TMVII: Emerging STI Mimics Other Skin Conditions – Expert Insights

by Chief Editor

The Rise of TMVII: Navigating a New Landscape in Sexually Transmitted Infections

A recent surge in cases of Trichophyton mentagrophytes genotype VII (TMVII), a sexually transmitted fungus causing ringworm, is prompting increased vigilance among healthcare professionals. More than 30 cases were recently reported in Minnesota, signaling a potential broadening outbreak. This infection, easily mistaken for other skin conditions, demands a renewed focus on accurate diagnosis and public awareness.

Understanding TMVII: Symptoms and Misdiagnosis

TMVII presents as “round, coin-like rashes that are red and irritated, sometimes with bumps and pimples,” according to the Minnesota Department of Health. However, its ability to mimic eczema, psoriasis, and bacterial skin infections often leads to misdiagnosis.

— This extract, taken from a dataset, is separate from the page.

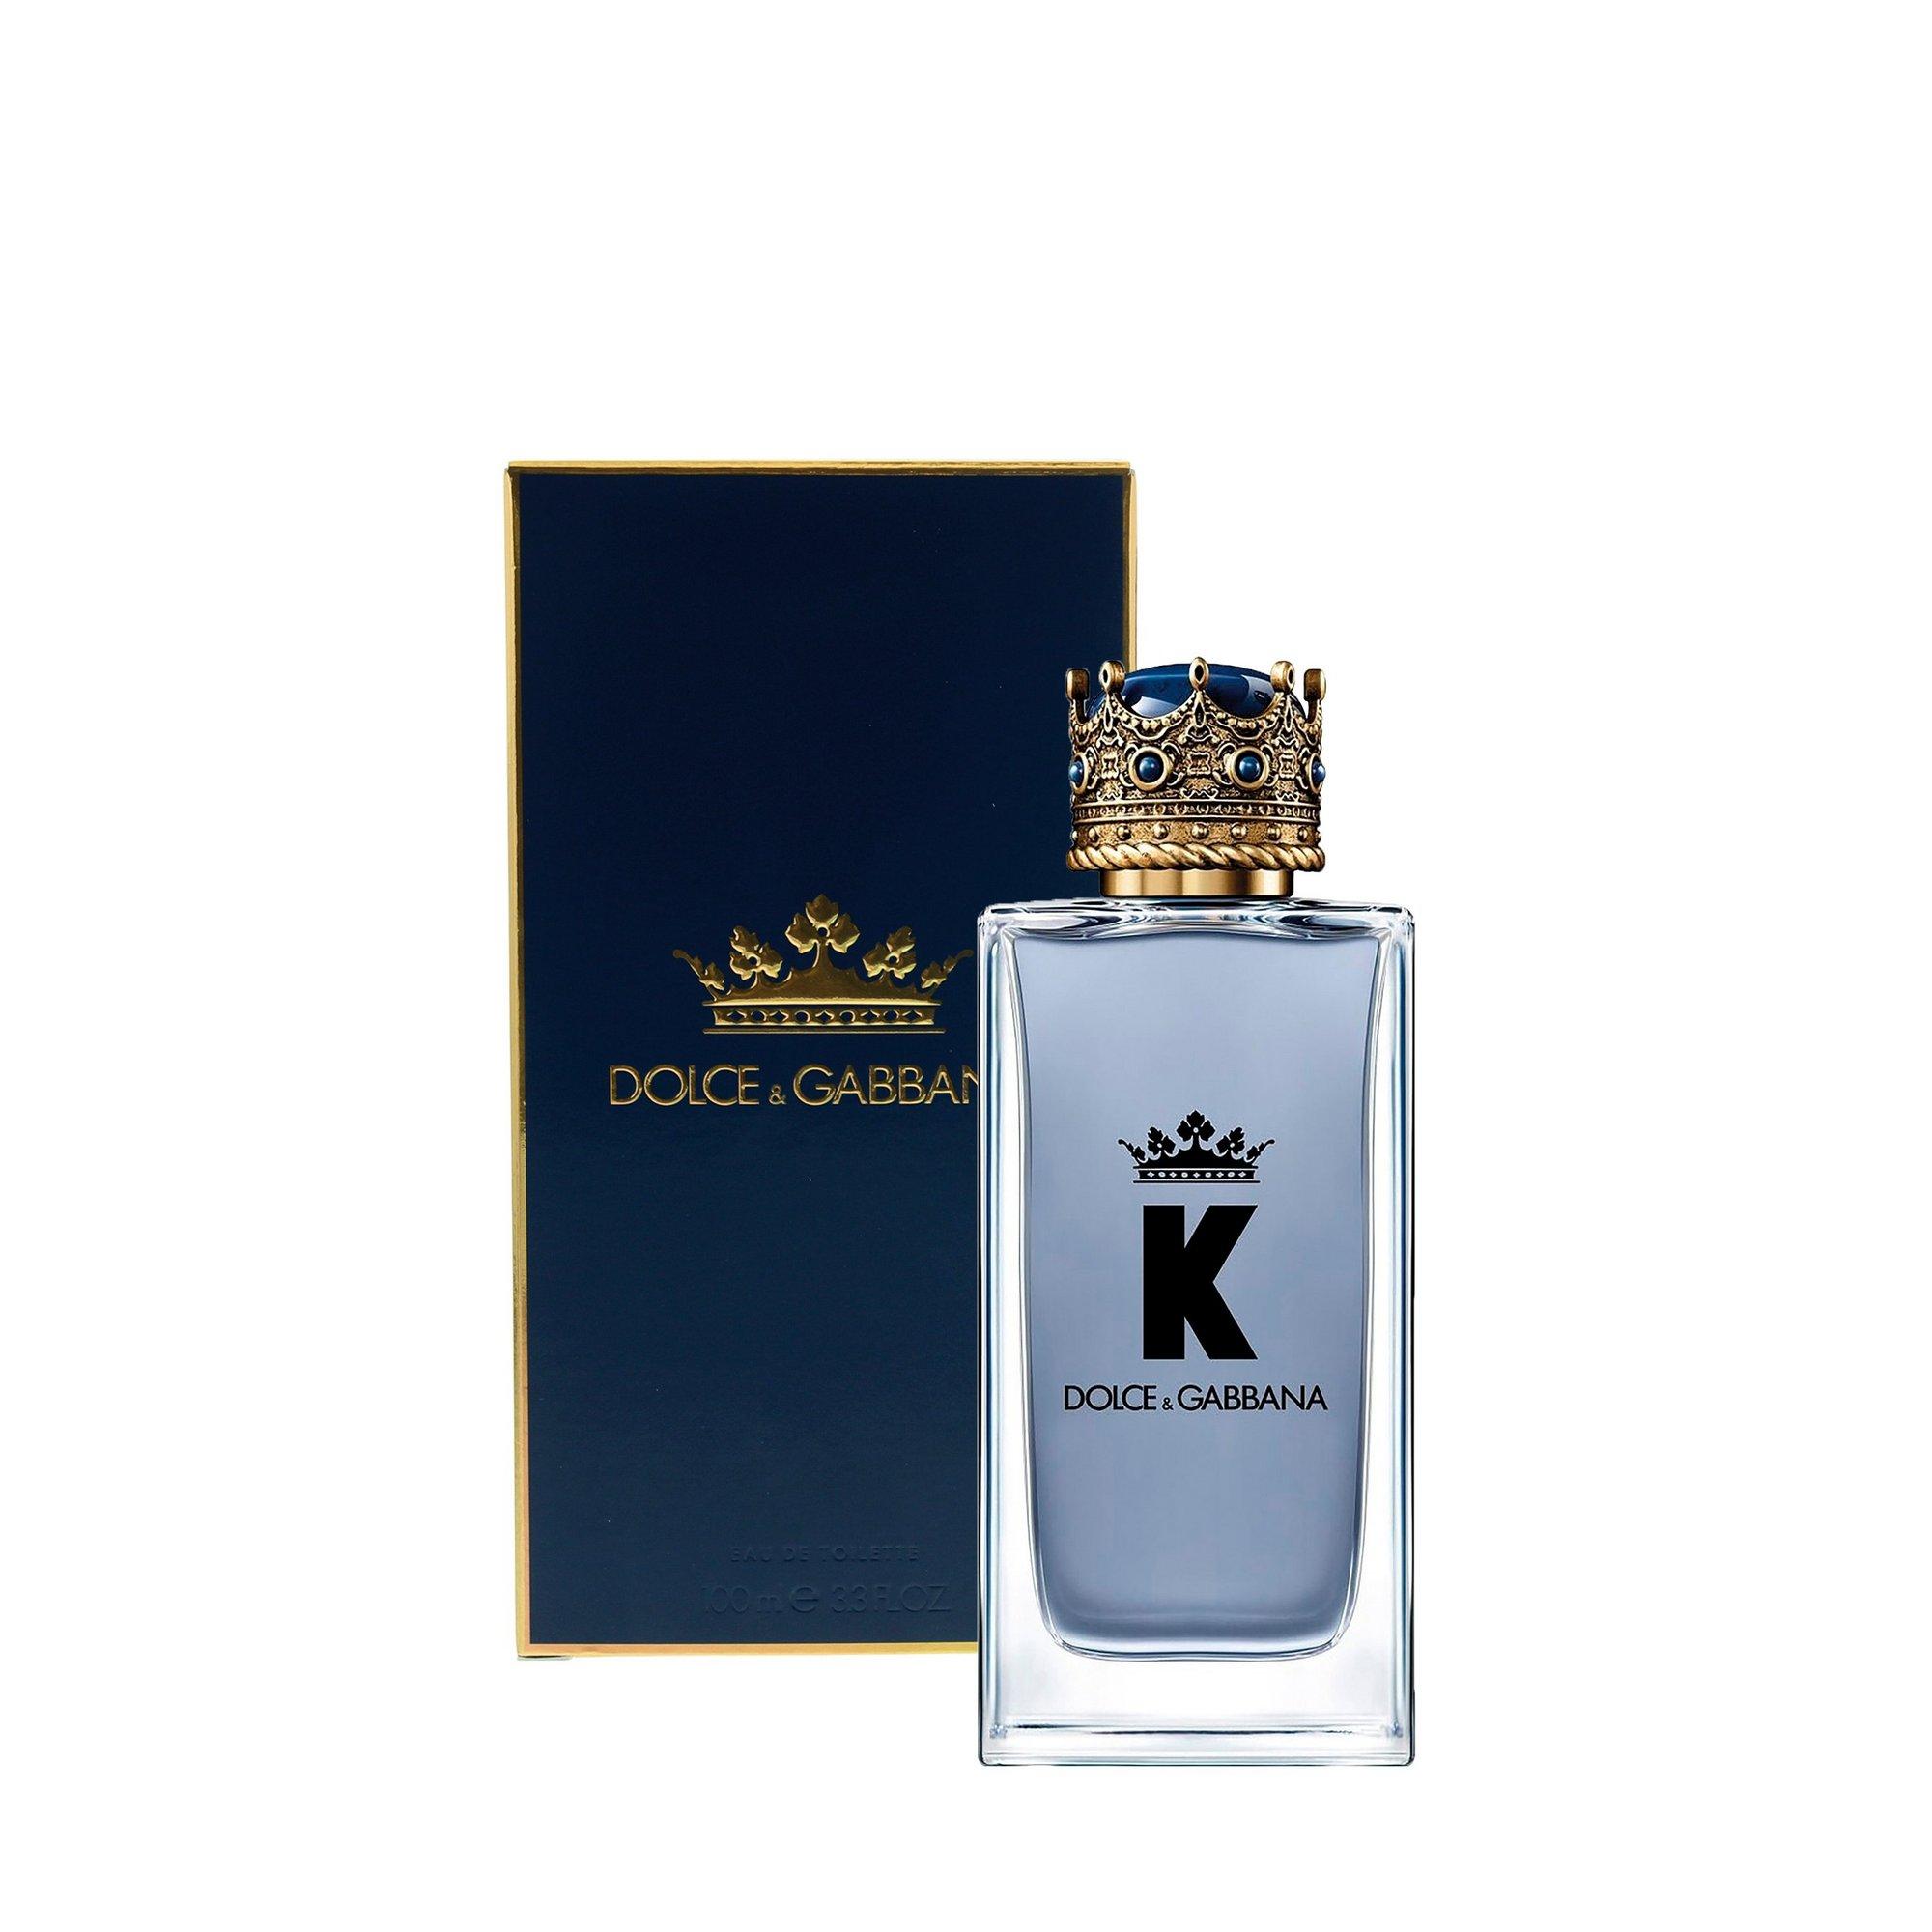 Image of Dolce and Gabbana K Men 100ml Eau De Toilette

This represents further complicated by the fact that tinea infections can appear atypical, especially when treated inappropriately with topical steroids, potentially masking classic features.

Pro Tip: When encountering a persistent or atypical rash, especially in sexually active individuals, consider TMVII as a potential diagnosis and pursue appropriate testing.

A Global Perspective: From Europe to the US

While the first U.S. Case was reported in New York City in 2024, TMVII has circulated in Europe for several years. The CDC notes a correlation with individuals who have engaged in sex tourism in Southeast Asia, and the infection tends to be more prevalent among men who have sex with men. Minnesota’s first reported case surfaced in July 2025.

The Diagnostic Challenge: Why TMVII is Tricky

Accurate diagnosis can be challenging. Clinicians must consider that tinea can present atypically, even in the genital area. While a KOH prep can be performed to check for fungus, it isn’t always conclusive. Cultures can be collected, but results seize time and aren’t always positive.

“We need to remember if a patient isn’t responding as expected to treatment…we need to step back and consider tinea among other diagnoses,” explains Avrom S. Caplan, MD, associate professor of dermatology at NYU Grossman School of Medicine.

Differentiating TMVII from Syphilis

Syphilis, often called “the great mimicker,” can present with similar symptoms. Clinicians should consider testing for syphilis alongside TMVII, particularly when sexual transmission is suspected. Even after a TMVII diagnosis, ruling out other sexually transmitted infections remains crucial.

Treatment and Prevention: A Multi-Faceted Approach

TMVII is treatable with oral antifungals. However, treatment can be prolonged, especially if the infection has been present for some time or if prior treatments have been ineffective. Education is key to preventing further outbreaks. Clear communication about potential transmission during treatment is essential.

Did you know? You’ll see reports suggesting a potential period of asymptomatic spread for TMVII, meaning an individual could transmit the infection before exhibiting symptoms.

Looking Ahead: Potential for Increased Outbreaks

Experts anticipate that increased awareness will lead to more diagnoses and potentially more clustered outbreaks. Continued vigilance, coupled with proactive education for both patients and clinicians, will be vital in managing the spread of TMVII.

Frequently Asked Questions

  • What is TMVII? TMVII is a sexually transmitted fungus that causes ringworm.
  • How is TMVII diagnosed? Diagnosis can be challenging and may require cultures, though a KOH prep can be a first step.
  • Is TMVII treatable? Yes, TMVII is treatable with oral antifungals.
  • Can TMVII be mistaken for other conditions? Yes, it can mimic eczema, psoriasis, and bacterial skin infections.